I used the same group of people again to highlight the fact that even if you use the same group of people you can get weird looking results for the accuracy of a specific outcome (not the test in general).
In my example above the overall accuracy was 95%. I don't doubt that. I've been talking about the accuracy of a positive result of the test. With the numbers above if you get a positive result then it's only a 50:50 chance of being accurate, despite the test having an overall accuracy of 95%.
So even if you apply your own test to the same test group you used to measure the sensitivity and specificity of the test you find that a positive result is not as accurate as you expected.
The tests are not 100% accurate, this was never a point of confusion.
Yes, but they're not 95% accurate for people who get a positive result.
So again, the sensitivity and specificity which are learned from the first group is what I thought at the very beginning you were claiming shifts,
No, I was calculating the accuracy of the test per outcome and showing how it differs massively for a negative and a positive result.
depending on prevalence in the population (this is what I quoted in my reply to Chalfie, and if you remember, the first thing I said to you after you replied was: "Ah, sorry. So the raw number of false positives/false negatives will shift depending on how many true negatives/true positives there are. Okay - I mistook your "-ve" and "+ve" to be analogues for specificity/sensitivity.")
The point is that an individual test may be 95% accurate but only if you know your true status (in which case the test is pointless).
When you get your test result the only thing you know is your result, so you have to look at the estimated/calculated accuracy for the individual result, and that is where they can be skewed well away from the expected 95%.
(I know you're not a moron. I'm probably using the wrong words/terms all over the place, apologies if I am.)
-
When you get your test result the only thing you know is your result, so you have to look at the estimated/calculated accuracy for the individual result, and that is where they can be skewed well away from the expected 95%.

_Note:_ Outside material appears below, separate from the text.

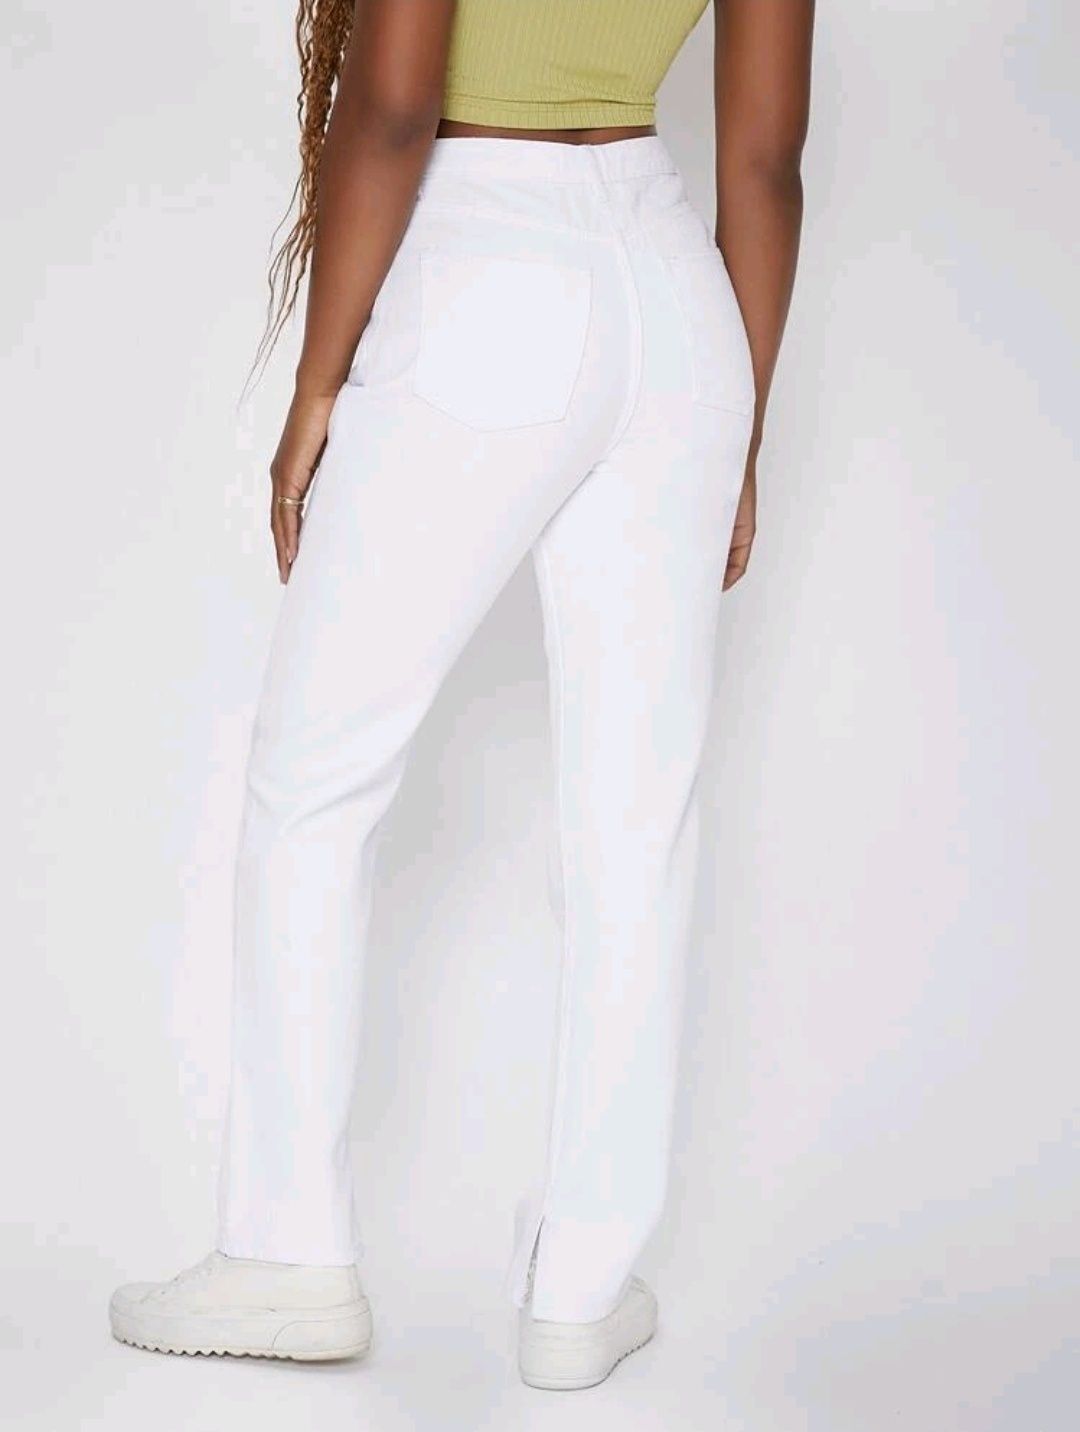 Jeans brancos cintura subida

Absolutely. I never disagreed with this and I think we've just been talking at each other because we've picked up on particular things which stood out as odd to us (or maybe I just did this). It's hard to talk these things through on the internet when you're generally doing something else. Much better suited to a pub.
We now have two 10k groups. The test group from which the sensitivity and specificity are learned ("the same test group you used to measure the sensitivity/specificity"). And a second 10k (which may or may not be the same as the first, but in your example they are). This second group is having the test applied to them. The important thing is that these are two different things which I think we both agree on.
The first group is used to judge and measure the test. Sensitivity and specificity are learned from this group. Whatever you do with the test after this, sensitivity and specificity do not change (unless they were wrong to start).
The second group is that which the test being used on. In this case, we can say that the second 10,000 people in your example are being used as an analogue for the general population, no? The results will depend on the makeup of this 10,000 people. They will not mimic reality (that is, the tests are not perfect).
The tests are not 100% accurate, this was never a point of confusion.
So again, the sensitivity and specificity which are learned from the first group is what I thought at the very beginning you were claiming shifts, depending on prevalence in the population (this is what I quoted in my reply to Chalfie, and if you remember, the first thing I said to you after you replied was: "Ah, sorry. So the raw number of false positives/false negatives will shift depending on how many true negatives/true positives there are. Okay - I mistook your "-ve" and "+ve" to be analogues for specificity/sensitivity.")
The results in the second group (be it a sample or the general population) are dependent on the makeup of that population and the sensitivity/specificity of the test. I agree with this and always have.
If I'm still misunderstanding you we can either take this off public chat or you can rest assured that you tried and I'm a moron.